The Final Few Days of Earth-Life

           A number of people have chastised me for the title of my book, The Fun of Dying. And they have a point. In order for us to transition from this vibratory level of reality to the levels that are occupied by the dead, we have to get ourselves free of material bodies that are fighting to stay alive. And that process emphatically is not fun! Whether we are dying of cancer, an injury, or just old age, unless we are unexpectedly called in our sleep we are likely to find unpleasant the process of weakening our material body enough for death to overtake it. Within the last two or three days of life, though, most of us rally. We are more alert, generally our pain lessens, and we tend to be more accepting of impending death, even if we had previously been fearful.

           It is within the last few days or hours that we first see our deathbed visitors. One or more of the dead people and pets that we are most likely to trust will show up, looking young and healthy. The number of visitors and the timing of their arrival is highly individual: I have seen reports of deathbed visitors coming and going for weeks, and also reports of deathbed visitors showing up immediately before the event. We might see just a spouse or parent or a childhood pet, or we might find ourselves entertaining a crowd. My guess is that the usual interval between the arrival of visitors and the death is twenty-four to forty-eight hours, so let’s assume that is what happens in our case. Our dead loved ones usually first appear in an upper corner of the room, and they might stay there, although sometimes they will come down and take a chair and make themselves at home. Deathbed visitors generally converse with us mentally, and in fact once we are in contact with them we tend to lose interest in communicating with the living. Mom is here, looking amazingly great after a forty-year separation! Now I know that everyone else must be fine, and I also know for sure I will survive my death.
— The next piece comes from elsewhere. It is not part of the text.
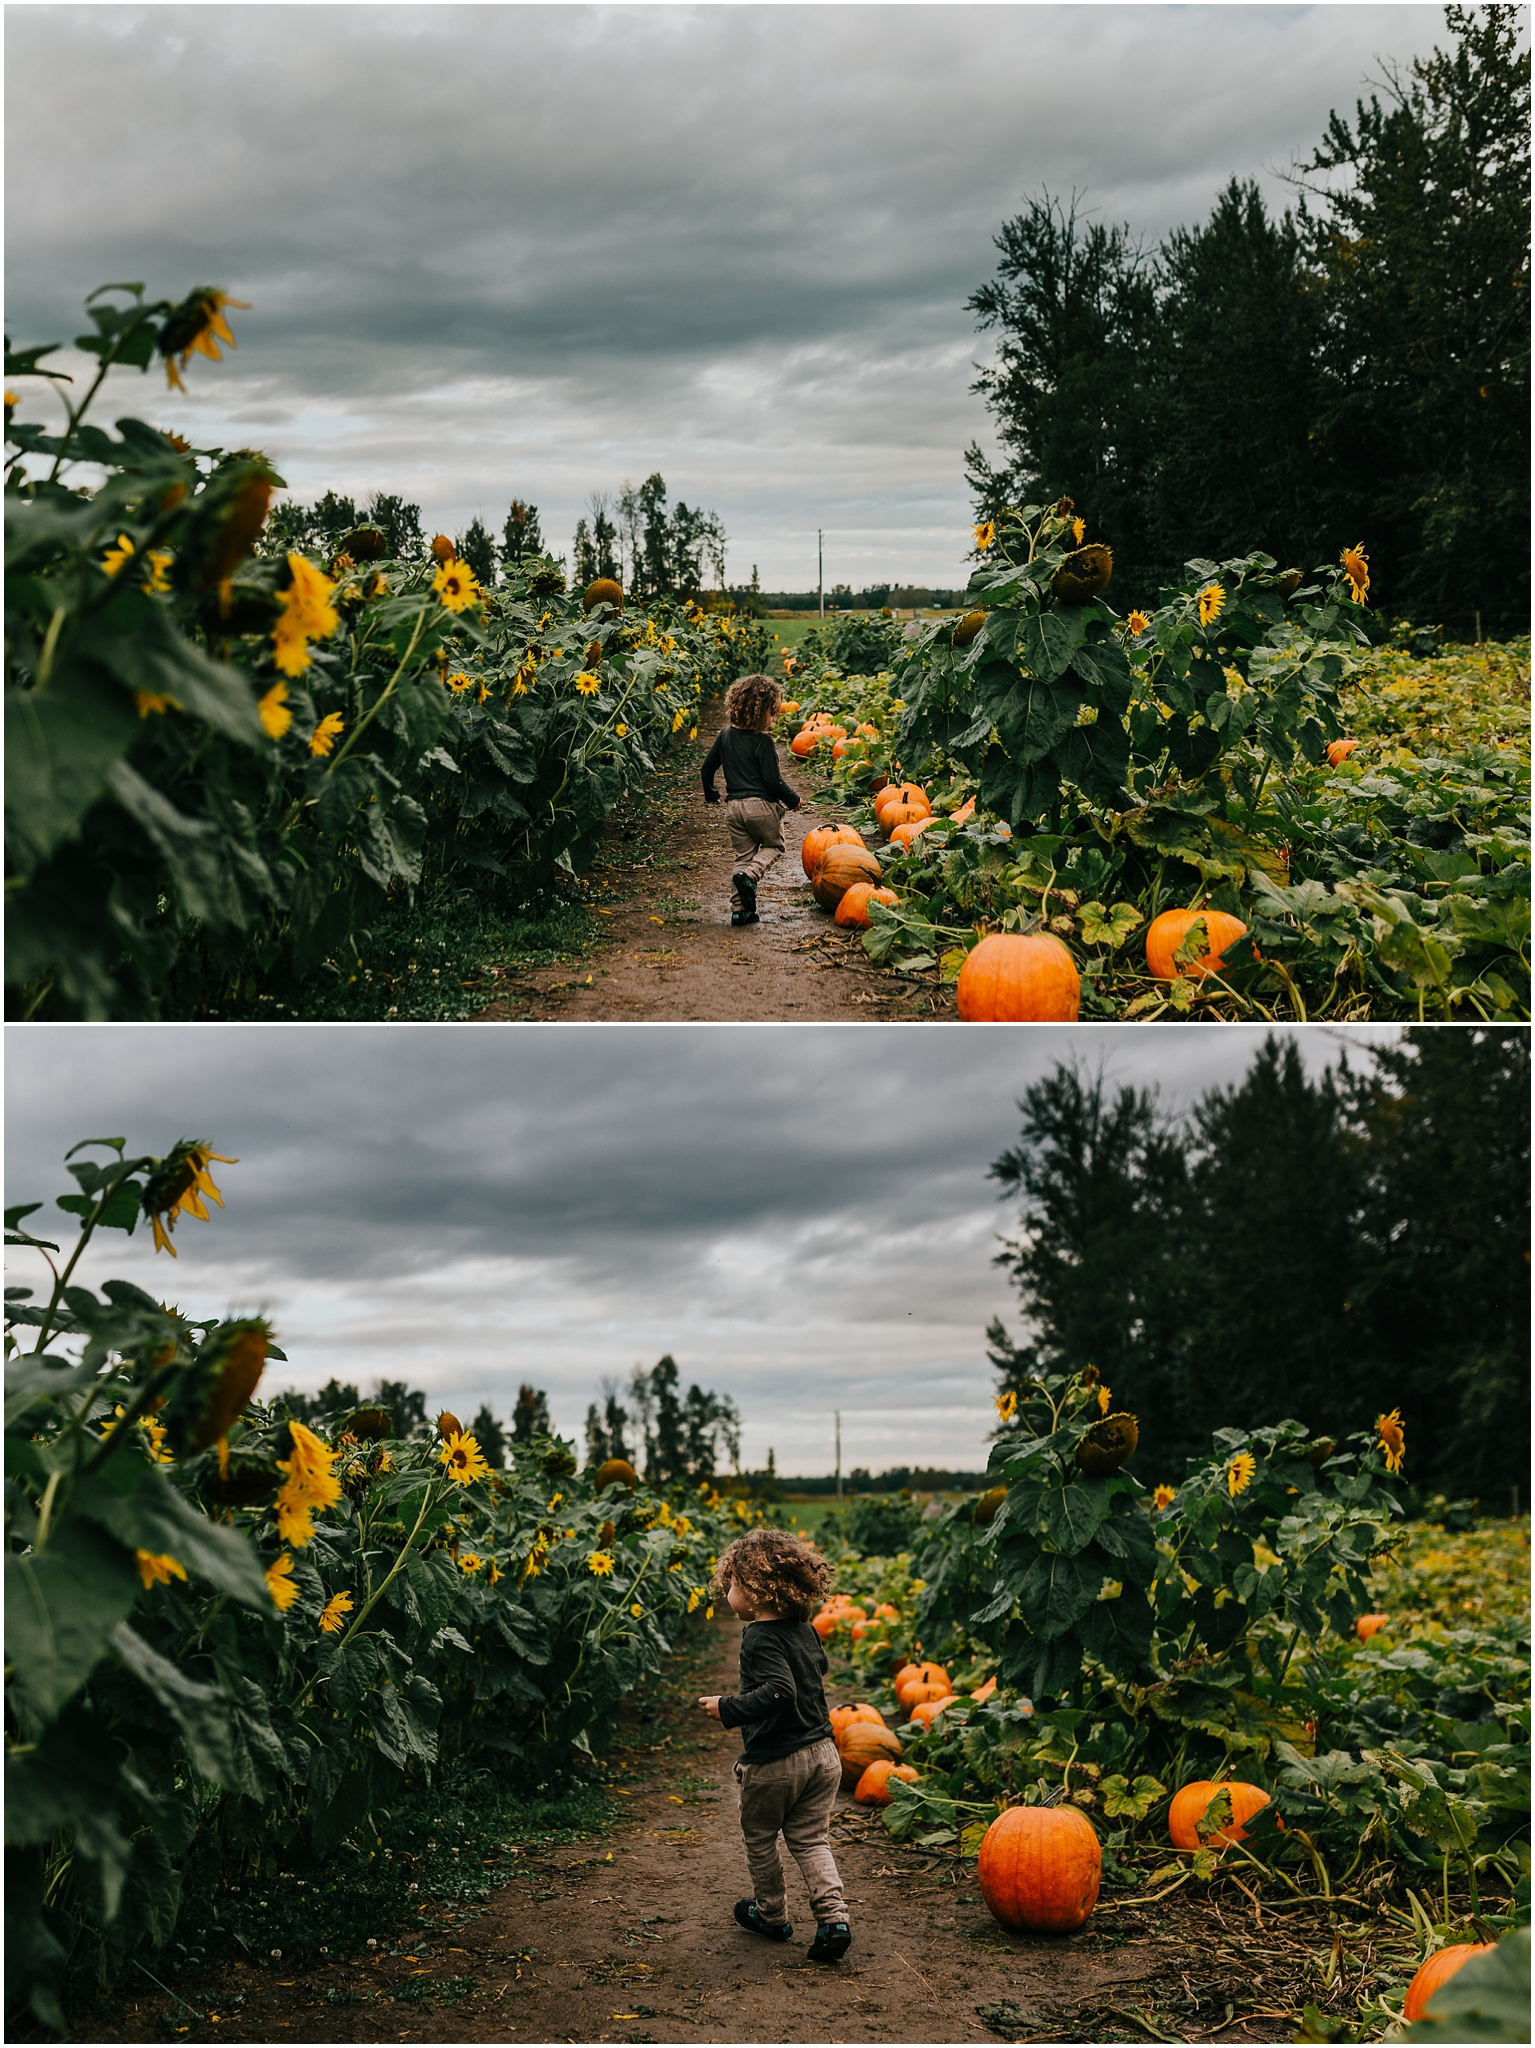 Treelines Photography - Edmonton Family Photographer - Edmonton U-Pick Pumpkins Patch - Adventure Photography

We might have actual glimpses of post-death reality. It will be as if a wall of the room has disappeared, and we will see breathtaking natural vistas with lots of greenery and flowers in unearthly colors backed by snow-capped mountains. We might see a beautiful, ethereal city. This sort of gift is more common if we are alert and not medicated, and anecdotally I would add that it seems to happen more readily for young people. There are reports of children dying a century ago from diphtheria and other now-vanquished diseases who would enjoy panoramic vistas for days before their actual deaths.